* **TASK INPUTS**
|---|
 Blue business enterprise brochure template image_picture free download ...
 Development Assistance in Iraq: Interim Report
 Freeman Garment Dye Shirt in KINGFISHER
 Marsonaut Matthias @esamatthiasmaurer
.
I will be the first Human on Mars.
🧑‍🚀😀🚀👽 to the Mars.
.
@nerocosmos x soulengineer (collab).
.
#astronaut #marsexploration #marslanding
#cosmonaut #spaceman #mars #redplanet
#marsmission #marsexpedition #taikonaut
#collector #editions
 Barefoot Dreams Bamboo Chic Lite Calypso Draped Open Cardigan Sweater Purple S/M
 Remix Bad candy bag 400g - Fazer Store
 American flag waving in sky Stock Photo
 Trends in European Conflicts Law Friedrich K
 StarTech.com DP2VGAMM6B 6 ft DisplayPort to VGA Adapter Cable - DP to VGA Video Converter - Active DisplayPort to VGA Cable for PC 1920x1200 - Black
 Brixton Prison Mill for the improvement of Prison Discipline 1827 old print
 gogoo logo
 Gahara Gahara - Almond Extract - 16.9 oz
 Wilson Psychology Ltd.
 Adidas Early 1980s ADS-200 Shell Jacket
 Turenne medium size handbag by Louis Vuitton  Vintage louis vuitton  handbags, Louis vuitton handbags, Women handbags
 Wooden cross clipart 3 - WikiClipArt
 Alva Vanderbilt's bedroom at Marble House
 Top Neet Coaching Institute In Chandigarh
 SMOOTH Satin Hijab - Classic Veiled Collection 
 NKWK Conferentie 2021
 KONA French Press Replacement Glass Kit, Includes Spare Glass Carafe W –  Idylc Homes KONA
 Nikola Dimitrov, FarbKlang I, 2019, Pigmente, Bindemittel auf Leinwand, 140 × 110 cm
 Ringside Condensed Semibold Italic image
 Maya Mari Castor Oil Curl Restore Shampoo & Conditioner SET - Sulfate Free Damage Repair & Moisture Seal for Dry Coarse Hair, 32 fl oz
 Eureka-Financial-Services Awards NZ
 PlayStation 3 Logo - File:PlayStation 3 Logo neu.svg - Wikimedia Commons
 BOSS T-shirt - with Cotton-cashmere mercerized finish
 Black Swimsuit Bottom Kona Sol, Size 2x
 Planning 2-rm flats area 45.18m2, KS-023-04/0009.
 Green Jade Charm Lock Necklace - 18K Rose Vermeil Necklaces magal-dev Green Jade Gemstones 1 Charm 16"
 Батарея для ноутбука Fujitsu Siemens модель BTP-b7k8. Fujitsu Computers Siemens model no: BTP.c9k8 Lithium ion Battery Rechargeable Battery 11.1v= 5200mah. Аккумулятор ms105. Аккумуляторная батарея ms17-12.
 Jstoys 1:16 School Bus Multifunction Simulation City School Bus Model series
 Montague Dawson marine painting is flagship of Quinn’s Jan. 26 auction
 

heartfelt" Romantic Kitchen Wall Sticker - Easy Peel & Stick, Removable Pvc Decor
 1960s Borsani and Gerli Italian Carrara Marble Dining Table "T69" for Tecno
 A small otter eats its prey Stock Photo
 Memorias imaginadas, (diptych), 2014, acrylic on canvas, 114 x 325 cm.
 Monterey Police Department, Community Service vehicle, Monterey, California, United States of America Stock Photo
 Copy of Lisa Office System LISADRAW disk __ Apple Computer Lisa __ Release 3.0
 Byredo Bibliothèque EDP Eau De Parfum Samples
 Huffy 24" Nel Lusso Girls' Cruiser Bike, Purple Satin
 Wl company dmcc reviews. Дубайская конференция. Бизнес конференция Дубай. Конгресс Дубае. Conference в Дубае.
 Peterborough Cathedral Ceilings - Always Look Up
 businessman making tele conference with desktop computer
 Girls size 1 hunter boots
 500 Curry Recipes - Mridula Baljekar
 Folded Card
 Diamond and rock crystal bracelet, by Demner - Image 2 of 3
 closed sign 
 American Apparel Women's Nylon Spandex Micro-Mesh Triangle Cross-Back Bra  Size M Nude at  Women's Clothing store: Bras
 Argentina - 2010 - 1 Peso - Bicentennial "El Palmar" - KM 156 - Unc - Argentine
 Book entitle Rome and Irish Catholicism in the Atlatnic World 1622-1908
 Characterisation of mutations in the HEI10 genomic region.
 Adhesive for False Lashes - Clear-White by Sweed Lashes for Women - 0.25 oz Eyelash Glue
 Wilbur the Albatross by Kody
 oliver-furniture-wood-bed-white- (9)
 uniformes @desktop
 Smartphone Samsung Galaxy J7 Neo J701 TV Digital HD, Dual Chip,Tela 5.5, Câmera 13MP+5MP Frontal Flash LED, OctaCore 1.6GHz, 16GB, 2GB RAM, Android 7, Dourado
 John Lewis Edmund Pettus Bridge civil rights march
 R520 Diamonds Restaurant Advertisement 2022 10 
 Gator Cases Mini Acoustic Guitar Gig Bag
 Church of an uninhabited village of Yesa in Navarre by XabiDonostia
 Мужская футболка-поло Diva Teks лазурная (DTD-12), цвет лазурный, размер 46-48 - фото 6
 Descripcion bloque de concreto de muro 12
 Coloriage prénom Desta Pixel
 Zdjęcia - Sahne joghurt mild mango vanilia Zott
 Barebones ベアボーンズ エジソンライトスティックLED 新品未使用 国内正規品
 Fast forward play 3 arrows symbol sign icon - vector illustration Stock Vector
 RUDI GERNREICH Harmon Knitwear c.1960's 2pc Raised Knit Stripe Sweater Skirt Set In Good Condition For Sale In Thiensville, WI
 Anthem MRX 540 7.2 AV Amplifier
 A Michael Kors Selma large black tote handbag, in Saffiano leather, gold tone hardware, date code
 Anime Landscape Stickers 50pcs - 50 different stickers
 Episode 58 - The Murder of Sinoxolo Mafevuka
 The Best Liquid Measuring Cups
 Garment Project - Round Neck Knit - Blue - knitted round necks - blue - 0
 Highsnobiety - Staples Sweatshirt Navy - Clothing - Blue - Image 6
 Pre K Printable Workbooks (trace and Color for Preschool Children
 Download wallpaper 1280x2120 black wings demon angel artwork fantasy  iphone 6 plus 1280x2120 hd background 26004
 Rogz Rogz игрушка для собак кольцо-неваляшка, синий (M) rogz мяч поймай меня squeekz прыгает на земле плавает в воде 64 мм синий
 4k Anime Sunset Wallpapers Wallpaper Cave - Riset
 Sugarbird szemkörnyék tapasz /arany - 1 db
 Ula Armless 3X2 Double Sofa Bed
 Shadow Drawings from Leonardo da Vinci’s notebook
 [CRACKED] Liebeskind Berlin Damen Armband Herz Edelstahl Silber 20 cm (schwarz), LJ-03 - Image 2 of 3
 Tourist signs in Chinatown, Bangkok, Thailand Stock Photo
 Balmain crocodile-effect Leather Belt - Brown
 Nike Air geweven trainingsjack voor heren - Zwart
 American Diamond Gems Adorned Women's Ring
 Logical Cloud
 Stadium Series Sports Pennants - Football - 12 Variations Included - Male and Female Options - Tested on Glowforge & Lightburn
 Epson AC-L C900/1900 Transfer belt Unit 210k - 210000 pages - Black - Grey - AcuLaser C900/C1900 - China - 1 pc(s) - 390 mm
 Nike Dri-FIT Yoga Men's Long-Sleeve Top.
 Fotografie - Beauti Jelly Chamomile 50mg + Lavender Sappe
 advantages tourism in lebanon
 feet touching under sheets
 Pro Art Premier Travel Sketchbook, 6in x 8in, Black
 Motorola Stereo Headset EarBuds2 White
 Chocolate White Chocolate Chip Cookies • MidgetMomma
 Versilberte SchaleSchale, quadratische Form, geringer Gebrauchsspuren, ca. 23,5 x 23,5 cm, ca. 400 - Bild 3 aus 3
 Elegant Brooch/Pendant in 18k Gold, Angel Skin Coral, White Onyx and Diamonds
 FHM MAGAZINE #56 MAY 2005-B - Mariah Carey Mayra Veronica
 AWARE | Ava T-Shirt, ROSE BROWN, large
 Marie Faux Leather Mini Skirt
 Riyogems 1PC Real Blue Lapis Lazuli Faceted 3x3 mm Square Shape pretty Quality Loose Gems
|---|
* **PROBLEM DETAILS**
From the line holding "American Apparel Women's" to the line holding "Garment Project - Round", inclusive, restate each line above exactly as written.

* **ANSWER TO THIS PROBLEM**
 American Apparel Women's Nylon Spandex Micro-Mesh Triangle Cross-Back Bra  Size M Nude at  Women's Clothing store: Bras
 Argentina - 2010 - 1 Peso - Bicentennial "El Palmar" - KM 156 - Unc - Argentine
 Book entitle Rome and Irish Catholicism in the Atlatnic World 1622-1908
 Characterisation of mutations in the HEI10 genomic region.
 Adhesive for False Lashes - Clear-White by Sweed Lashes for Women - 0.25 oz Eyelash Glue
 Wilbur the Albatross by Kody
 oliver-furniture-wood-bed-white- (9)
 uniformes @desktop
 Smartphone Samsung Galaxy J7 Neo J701 TV Digital HD, Dual Chip,Tela 5.5, Câmera 13MP+5MP Frontal Flash LED, OctaCore 1.6GHz, 16GB, 2GB RAM, Android 7, Dourado
 John Lewis Edmund Pettus Bridge civil rights march
 R520 Diamonds Restaurant Advertisement 2022 10 
 Gator Cases Mini Acoustic Guitar Gig Bag
 Church of an uninhabited village of Yesa in Navarre by XabiDonostia
 Мужская футболка-поло Diva Teks лазурная (DTD-12), цвет лазурный, размер 46-48 - фото 6
 Descripcion bloque de concreto de muro 12
 Coloriage prénom Desta Pixel
 Zdjęcia - Sahne joghurt mild mango vanilia Zott
 Barebones ベアボーンズ エジソンライトスティックLED 新品未使用 国内正規品
 Fast forward play 3 arrows symbol sign icon - vector illustration Stock Vector
 RUDI GERNREICH Harmon Knitwear c.1960's 2pc Raised Knit Stripe Sweater Skirt Set In Good Condition For Sale In Thiensville, WI
 Anthem MRX 540 7.2 AV Amplifier
 A Michael Kors Selma large black tote handbag, in Saffiano leather, gold tone hardware, date code
 Anime Landscape Stickers 50pcs - 50 different stickers
 Episode 58 - The Murder of Sinoxolo Mafevuka
 The Best Liquid Measuring Cups
 Garment Project - Round Neck Knit - Blue - knitted round necks - blue - 0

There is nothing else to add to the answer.